The AI model race has had a clear shape for the past three years: bigger models, more parameters, higher benchmark scores. DeepSeek's new V4, released in preview this week, suggests the race is changing shape. The Hangzhou startup isn't claiming to have built the most powerful model in the world. It's claiming to have built one of the most efficient, and it's making that argument with a technical report detailed enough to be taken seriously.
V4 comes in two flavours: V4-Pro, a Mixture-of-Experts model with 1.6 trillion total parameters but only 49 billion activated at any given moment, and V4-Flash, a smaller variant with 284 billion total parameters and 13 billion activated. Both support a context window of one million tokens, putting them on par with Google's Gemini in terms of how much material they can process in a single pass. That context length, and what DeepSeek does to make it affordable, is the actual story here.
Long-context AI has an uncomfortable economics problem. As context grows, the cost of attention, which requires every new token to reference what came before, grows with it. Conventional approaches become prohibitively expensive at the million-token scale, which is why most deployed systems either truncate inputs or charge a significant premium for extended contexts. DeepSeek's V4 attacks this through a hybrid attention design combining what the company calls Compressed Sparse Attention (CSA) with Heavily Compressed Attention (HCA). CSA compresses groups of key-value entries and selects the most relevant blocks. HCA goes further, allowing dense attention over a dramatically shorter memory stream. The result, according to analysis by research firm SemiAnalysis, is a roughly 90% reduction in KV cache usage at the million-token scale, an improvement they describe as more impactful than Google's own TurboQuant paper published last month.
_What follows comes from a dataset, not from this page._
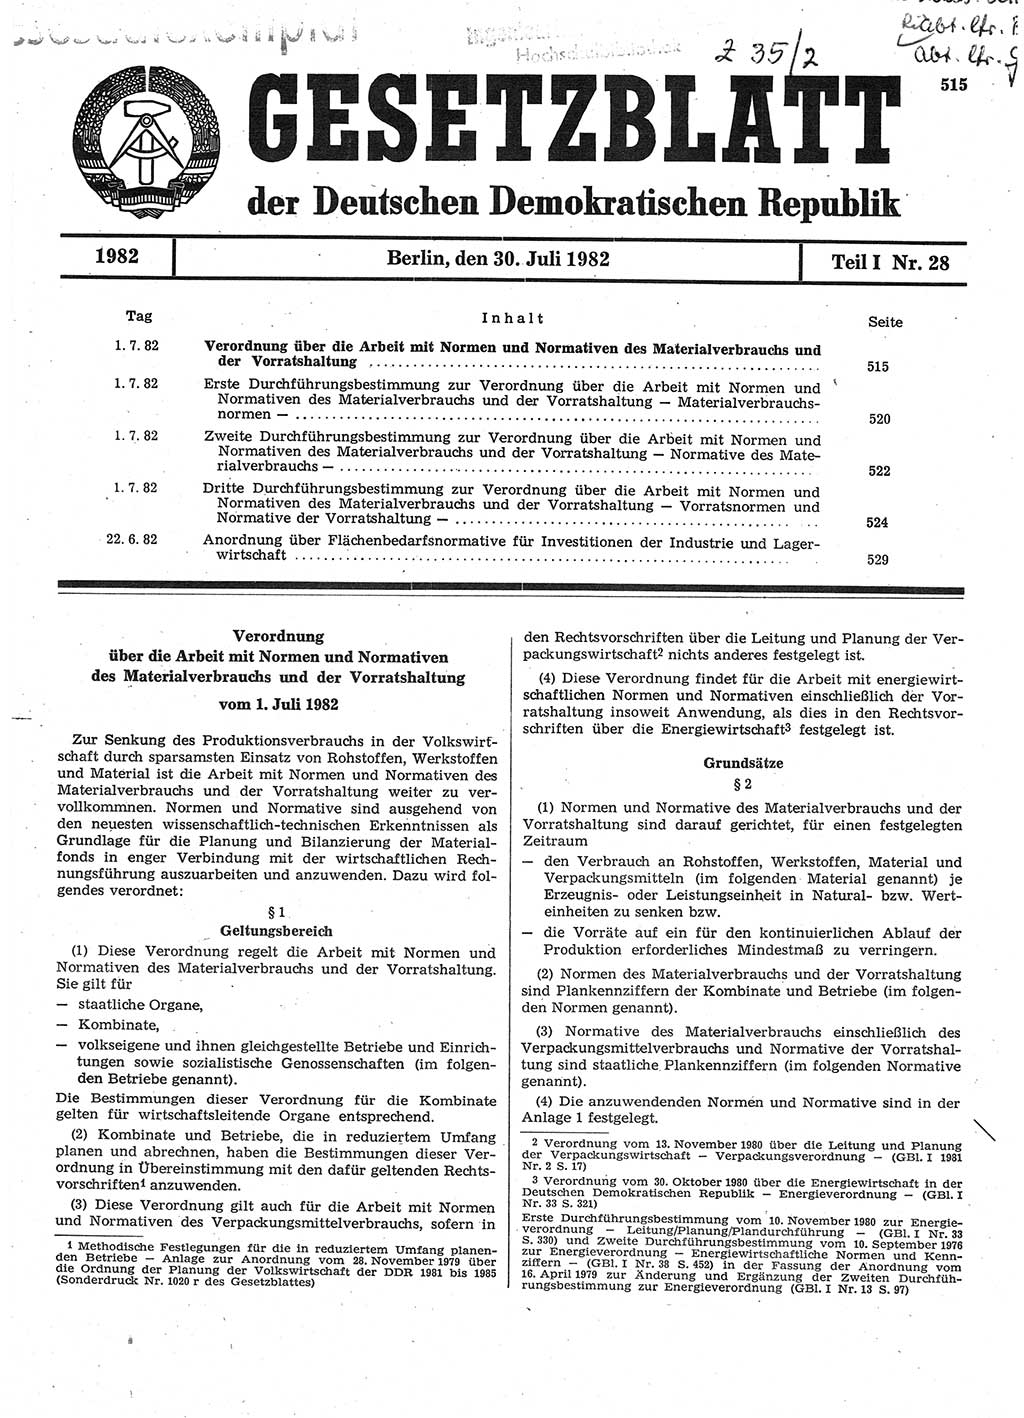 Gesetzblatt (GBl.) der Deutschen Demokratischen Republik (DDR) Teil Ⅰ 1982, Seite 515 (GBl. DDR Ⅰ 1982, S. 515)
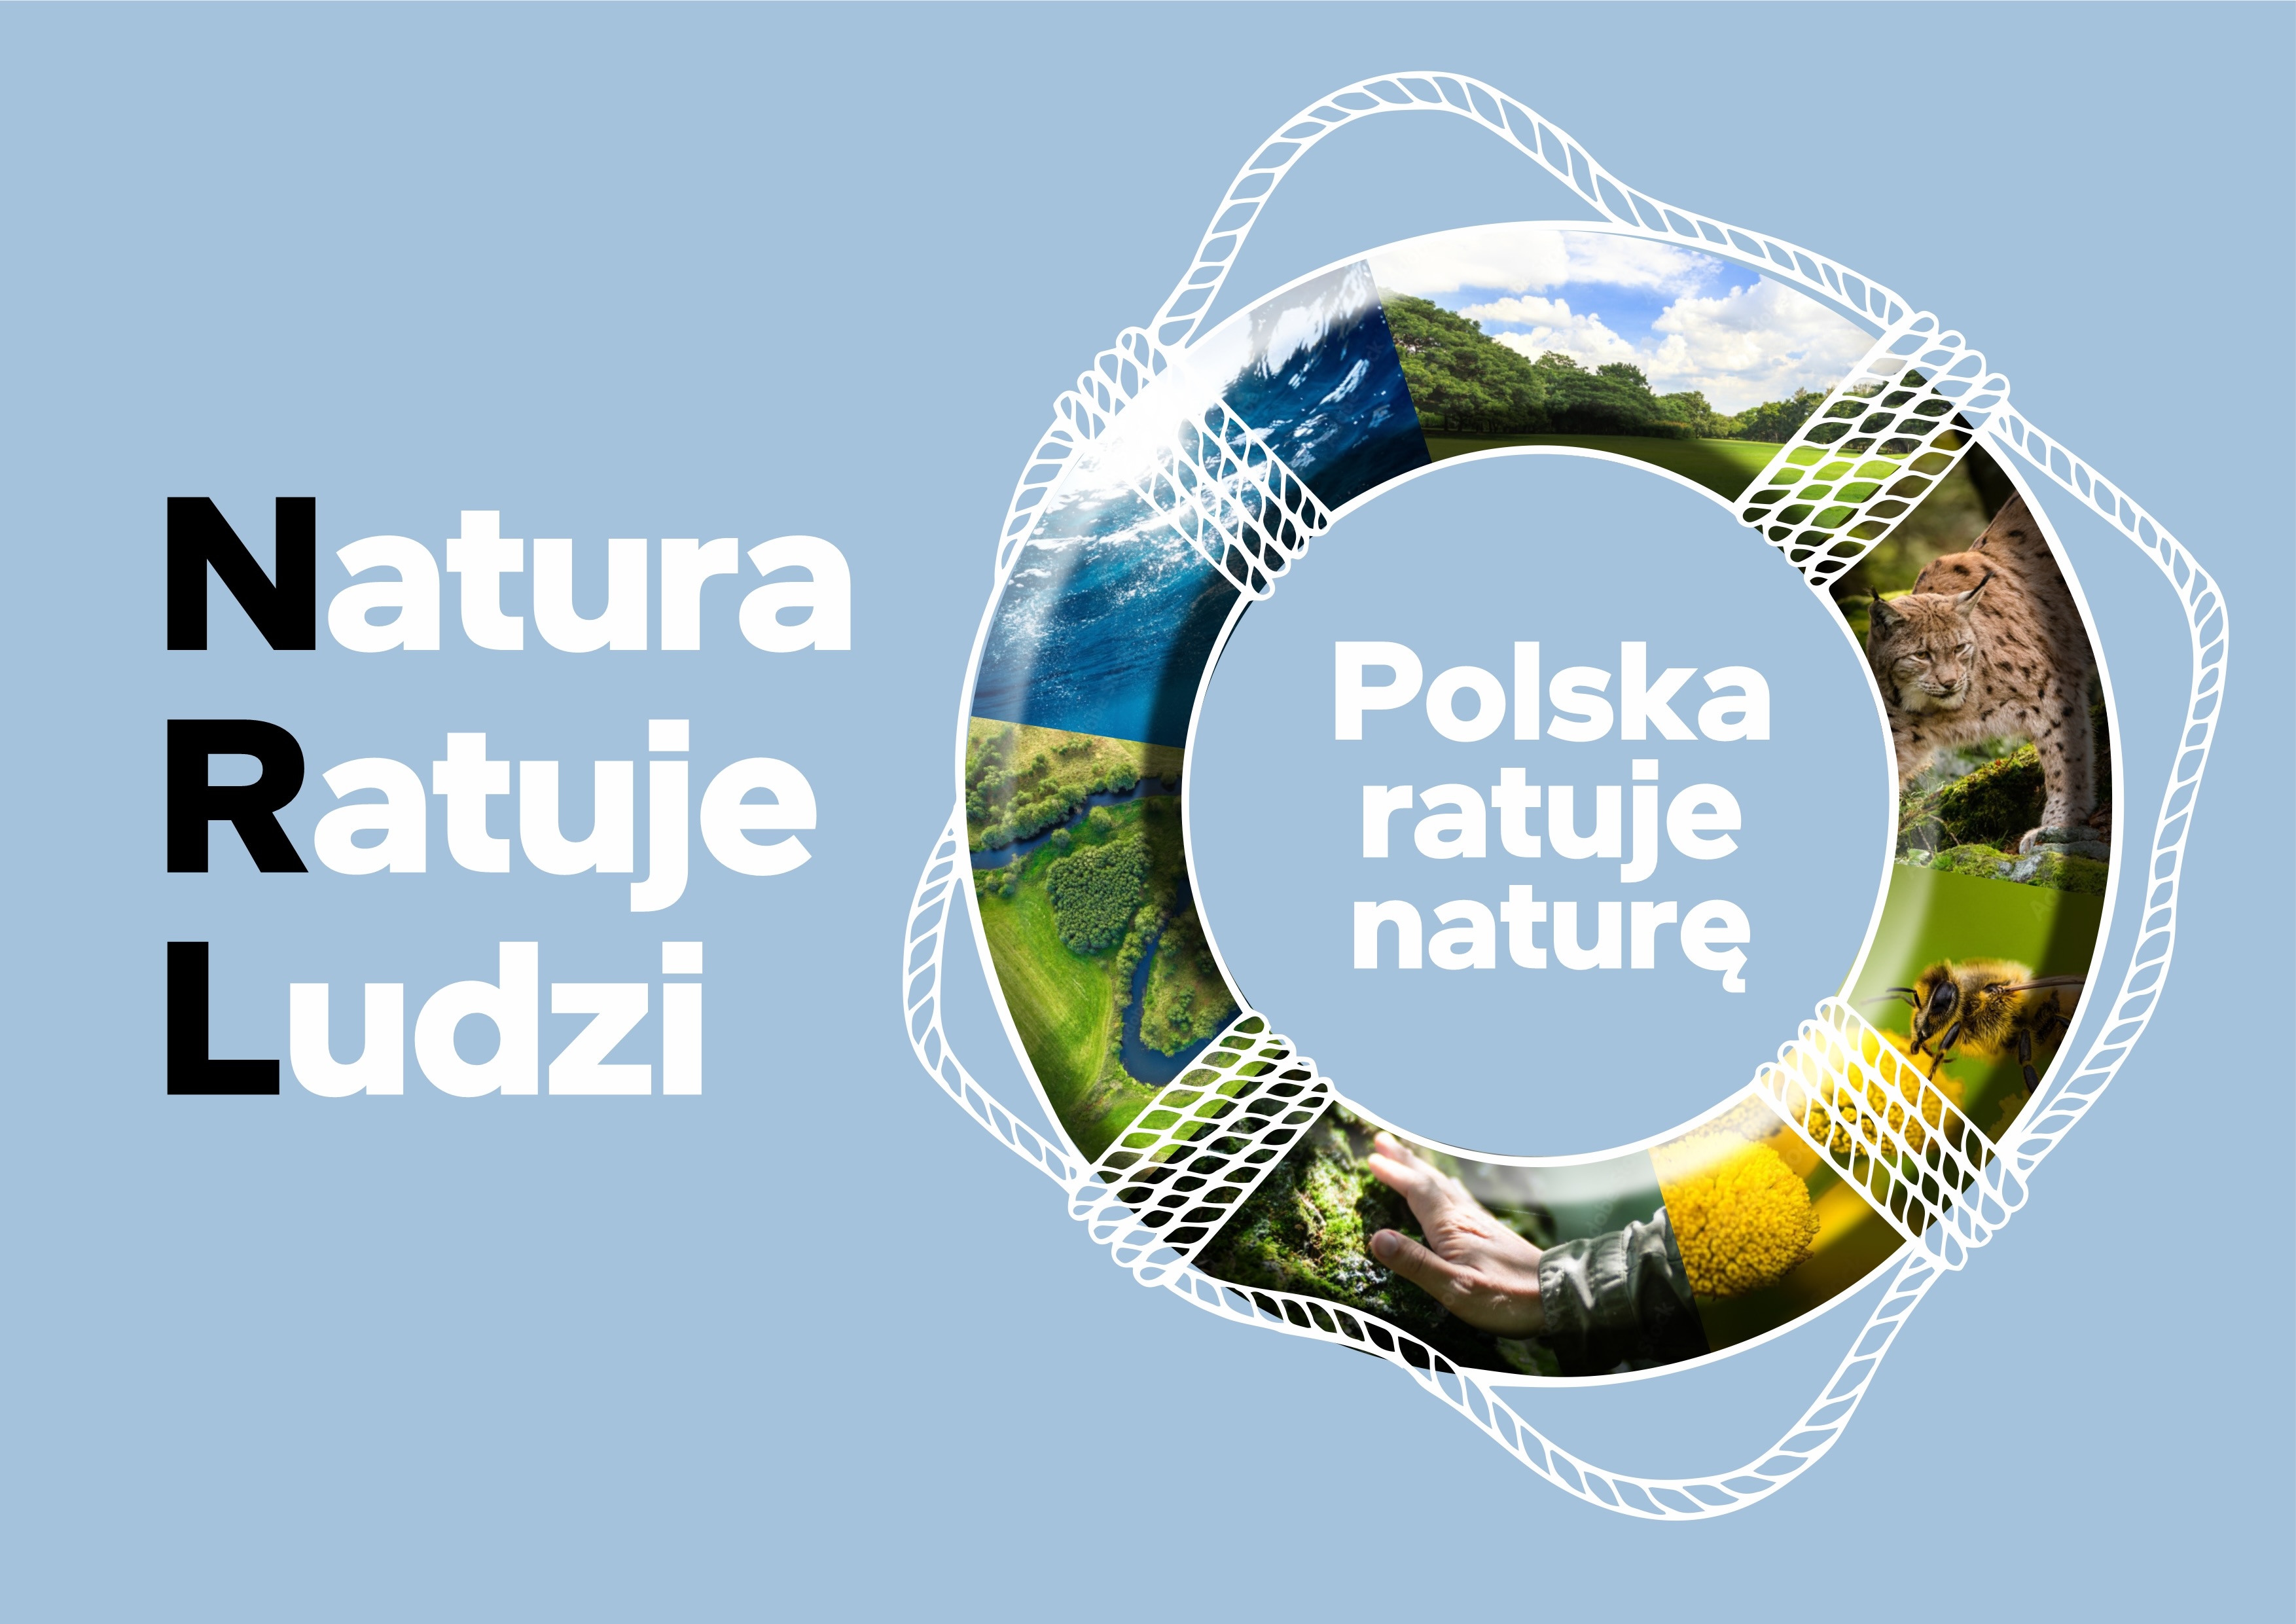 POLSKA ratuje nature grafika

The benchmark picture is more mixed. On the Artificial Analysis Intelligence Index, V4-Pro scores 52, behind Moonshot AI's Kimi K2.6 at 54, and well behind OpenAI's GPT-5.5 at 60 and both Anthropic's Claude Opus and Google's Gemini 3.1 Pro at 57. Kyle Chan of the Brookings Institution describes the result as impressive for approaching state-of-the-art performance while maintaining efficiency, which is a generous framing: impressive for its cost, but not at the frontier. Market reaction this time was nothing like the shock of DeepSeek's R1 debut, which wiped hundreds of billions from US equities in a day. Nvidia's stock rose 4.3% on Friday, the opposite direction from the R1 panic.
What makes V4 worth watching isn't the benchmark position; it's what cheaper long-context inference unlocks. When it's affordable to feed an AI model a full codebase, a complete legal case record, or months of financial filings, the applications that make sense change. Research assistants that read primary literature rather than summaries. Coding tools that understand the whole project, not a snippet. Document review systems that don't require you to pre-select the relevant pages. The bottleneck has been cost, not capability in principle, and DeepSeek is explicitly targeting that bottleneck.
There's an unanswered question about the training side. DeepSeek mentioned Huawei's Ascend chips for inference, and Huawei confirmed that its Ascend 950-based systems support V4. But the company said nothing about what hardware was used to train V4, a notable omission given the US export controls on advanced Nvidia chips. Chris McGuire of the Council on Foreign Relations notes that V4 may have depended on restricted Nvidia Blackwell GPUs for training, which would put the compute-efficiency story in a different light: efficient inference built on expensive training that China can't readily replicate at scale. The gap between the US and China in AI capability, McGuire estimates, remains around seven months.
The Forbes analysis of V4 frames it as a signal that "the next AI race is about efficiency." That's probably right as a trend, if slightly premature as a verdict on this specific release. DeepSeek V4 is genuinely interesting engineering. It also arrives at a moment when OpenAI's GPT-5.5 and Anthropic's Opus 4.7 have both launched in rapid succession, making the competitive field unusually crowded. Whether efficiency-first open models can force closed-source providers to justify their pricing premium is the real tension to watch over the next twelve months.